Anyhow, I did try adding the SR module manually and even with that in place the same issue appears - propagation actually happens but at some point the TCCL underneath changes and the propagation carries that information forward.
In other words, this doesn't seem like the problem of propagation or of ManagedExecutor.

I cannot put my finger on the exact spot which causes the issue but it seems to be originating inside HttpClientImpl.
It appears their (async) tasks are handled via "selector manager thread" (see HttpClientImpl$SelectorManager JDK class) which then delegates to the user provided executor - however, the context capture happens at this point and you therefore read the TCCL from their thread instead of the original one in your reproducer class.

I won't pretend I understand why is this happening and especially why it isn't happening when you don't set the CPU limits so ideas are welcome 🤔

dmlloyd · 2024-06-25T15:48:41Z

I don't know about how any of the higher-level frameworks do it, but at the lowest level the thread pool (EnhancedQueueExecutor) captures the TCCL of the calling thread at the time that Executor#execute (or any other task-submit method) is called. So if it's wrong at one call site, the "wrongness" could spread through task propagation as those tasks in turn execute more tasks. If it originates in the JDK, that would explain a lot.

manovotn · 2024-06-25T21:17:59Z

I see.
That corresponds to what the SR impl does just at a lower level.

The biggest mystery here is that the reproducer actually works if you increase the --cpus=2.1 option with docker...

dmlloyd · 2024-06-25T21:58:25Z

Poking around in the JDK, it looks like it only uses the delegate executor sometimes. Sometimes you're running from the selector manager thread which doesn't necessarily do anything with TCCL and is controlled completely within the HttpClient implementation. I guess the problem likely originates here. Maybe having more threads available increases the likelihood of the source "infecting" task running on a safe thread pool thread instead of the selector thread?

It doesn't look like there's any way to access that thread, in any event, other than through a subscription to a socket flow event (like read- or write-ready events).

manovotn · 2024-06-25T23:29:08Z

Poking around in the JDK, it looks like it only uses the delegate executor sometimes. Sometimes you're running from the selector manager thread which doesn't necessarily do anything with TCCL and is controlled completely within the HttpClient implementation. I guess the problem likely originates here. Maybe having more threads available increases the likelihood of the source "infecting" task running on a safe thread pool thread instead of the selector thread?

Ok that seems to confirm my earlier findings, thanks for looking into it as well!

It doesn't look like there's any way to access that thread, in any event, other than through a subscription to a socket flow event (like read- or write-ready events).
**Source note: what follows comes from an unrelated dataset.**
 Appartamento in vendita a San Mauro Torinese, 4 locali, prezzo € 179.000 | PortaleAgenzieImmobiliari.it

I think there is no guarantee that the executor you pass to the HttpClient will "just execute the task" on it - it has no notion of possible context propagation we are trying to do and hence can affect the result in certain ways, TCCL included 🤷

geoand · 2024-06-26T05:04:24Z

Thanks for reporting.

I believe this is not a Quarkus issue

In addition to the findings of Matej and David, another reason I still believe this is that we've never encountered such an issue with any Quarkus managed component

dmlloyd · 2024-06-26T12:47:27Z

A workaround could be to wrap the injected ManagedExecutor with your own executor that simply initializes the TCCL before submitting the task.
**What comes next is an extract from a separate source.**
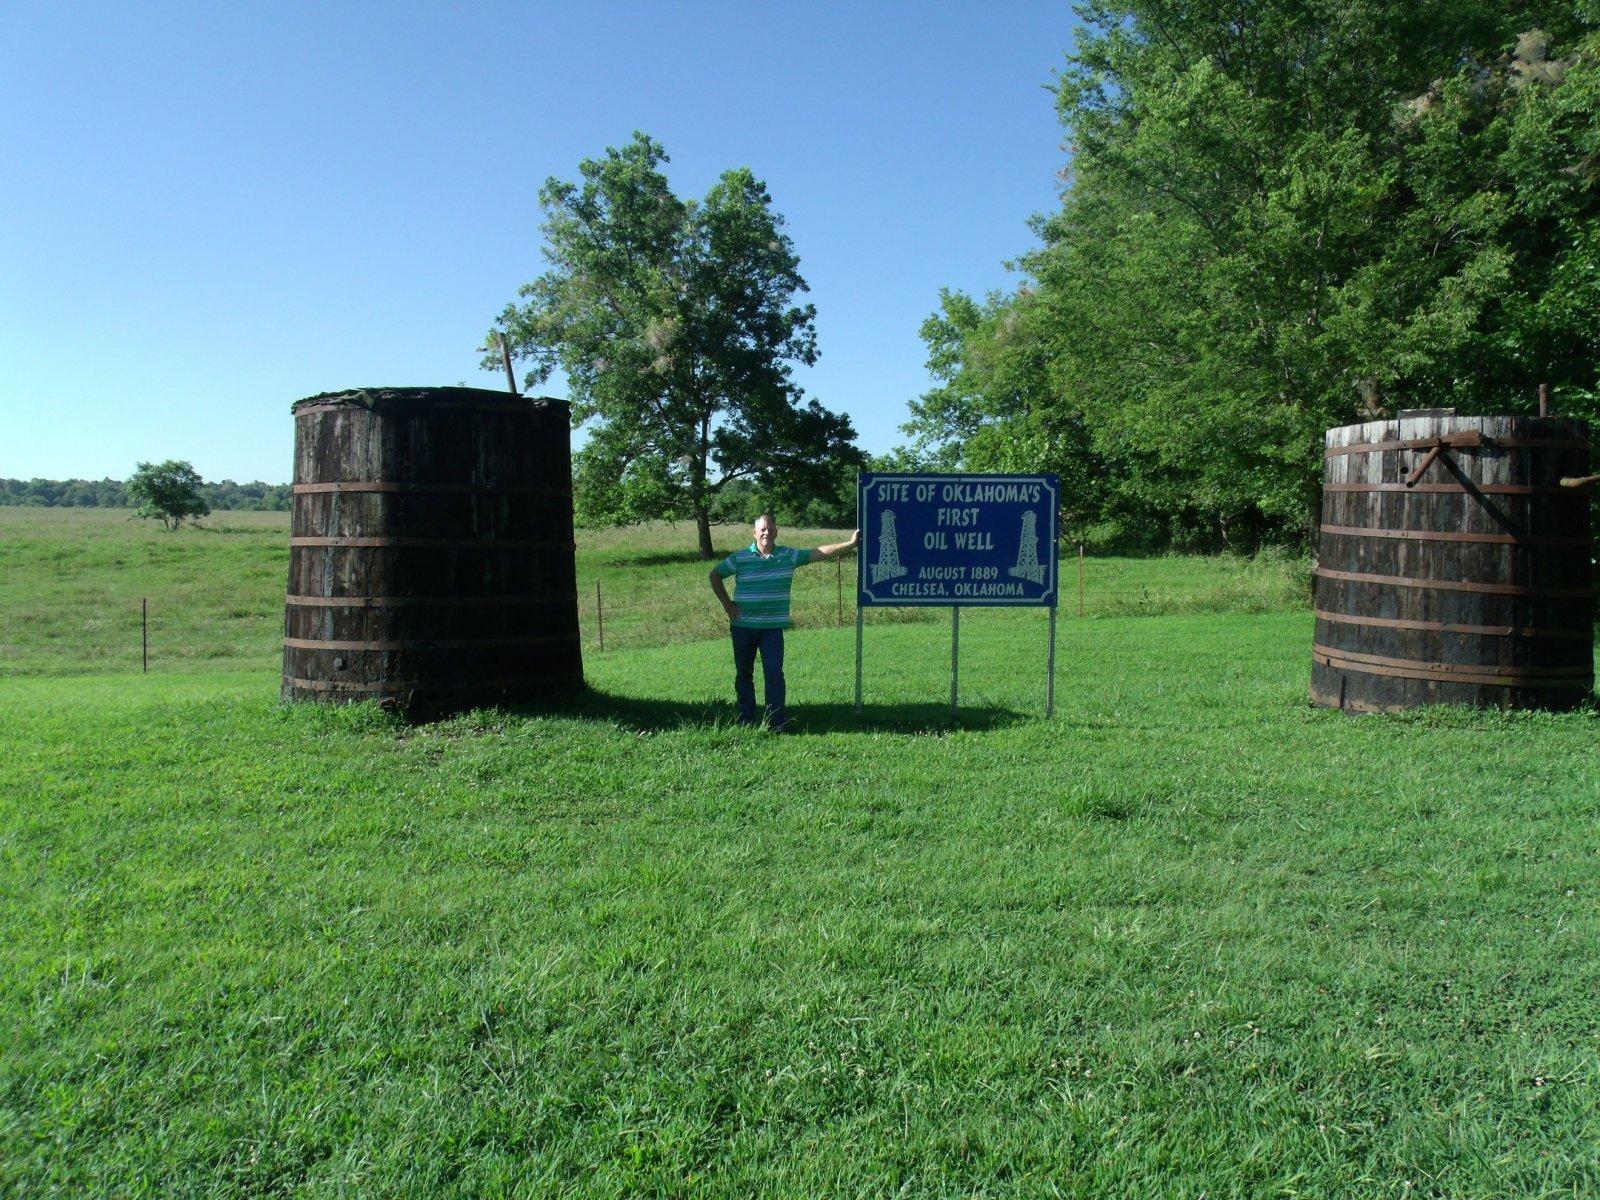 rt 66 day 2 065 oil well.jpg

antoniomacri · 2024-06-28T14:15:42Z

Poking around in the JDK, it looks like it only uses the delegate executor sometimes. Sometimes you're running from the selector manager thread which doesn't necessarily do anything with TCCL and is controlled completely within the HttpClient implementation. I guess the problem likely originates here. Maybe having more threads available increases the likelihood of the source "infecting" task running on a safe thread pool thread instead of the selector thread?

By "selector thread" you mean the thread that is awoken when the socket receives data? Any pointer to the source code?

However it seems deterministic. I've never encountered the issue with -XX:ActiveProcessorCount=3 but always had it with -XX:ActiveProcessorCount=2.

A workaround could be to wrap the injected ManagedExecutor with your own executor that simply initializes the TCCL before submitting the task.

Something like this?

private static Executor createContextualExecutor(Executor innerExecutor) {
    final ClassLoader classLoaderToPropagate = Thread.currentThread().getContextClassLoader();
    return command -> {
        Thread currentThread = Thread.currentThread();
        ClassLoader old = currentThread.getContextClassLoader();
        currentThread.setContextClassLoader(classLoaderToPropagate);
        try {
            innerExecutor.execute(command);
        } finally {
            currentThread.setContextClassLoader(old);
        }
    };
}

Thanks!

manovotn · 2024-06-28T15:28:32Z

By "selector thread" you mean the thread that is awoken when the socket receives data? Any pointer to the source code?

This is code directly in the JDK's HttpClientImpl
Take a look at the private static final class SelectorManager defined inside jdk.internal.net.http.HttpClientImpl.

However it seems deterministic. I've never encountered the issue with -XX:ActiveProcessorCount=3 but always had it with -XX:ActiveProcessorCount=2.

Yes, the reproducer works well in that regard (thanks for taking the time to make it!).
What David means, or at least what I observed as well, is that the selector thread is not unconditionally used but the choice is outside of our reach - JDK internals seem to make that decision, maybe with the processor limitation in mind 🤷

Something like this?

Yes, that should work

manovotn · 2024-07-04T10:27:38Z

Closing this issue as I don't think we can do more here.
Feel free to reopen if you feel otherwise.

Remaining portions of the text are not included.